So are you afraid that if you take these actions and they don't work than you will somehow have failed? Or that you will find out something that you don't like? For instance if h doesn't respond positively to your DB attemps than you might conclude that he isn't interested in R? Maybe you are not ready to do these things and need to be in a wait and see pattern for a little longer?
Mimi
I just don't know anymore. I'm really trying to NOT look for a reaction from him. Doesn't work every time, and if I do get an unfavorable one, it'll sting, but most of the time I can move on rather quickly.
Sometimes I feel like HE should be the one doing all this. Granted we both are responsible for the breakdown in our M. But I'm not the one who stepped out. "I" was trying to fix it the best way I knew how. So there's definitely some anger there, and feeling like I shouldn't have to do anything. (Wrong way of thinking, I know)

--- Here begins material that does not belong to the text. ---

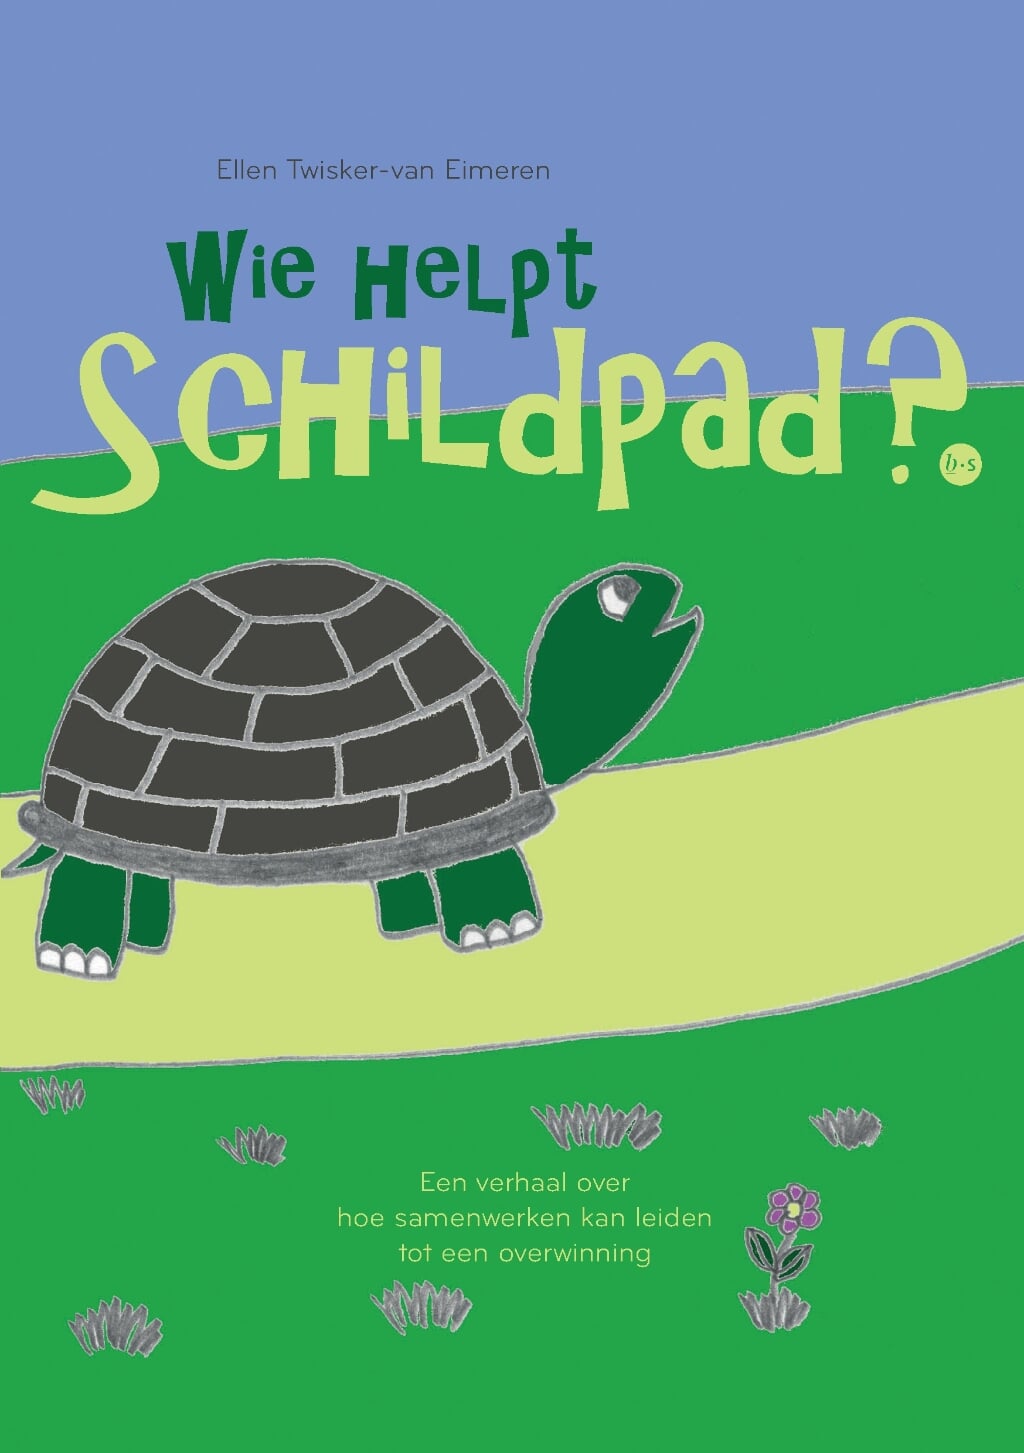 Ellen heeft net haar boek Wie helpt schildpad? uitgebracht.

I've been in a holding pattern for a couple of months with no real movement, so I do need to do something. Honestly, he doesn't really respond negatively to me a lot. Which is confusing. I always think that means he's plotting his escape. LOL
Since he's feeling down about his classmate, I thought about treating him to dinner (probably takeout as I doubt he'll agree to go anywhere together). I THOUGHT about doing a picnic, but that might be too much for right now.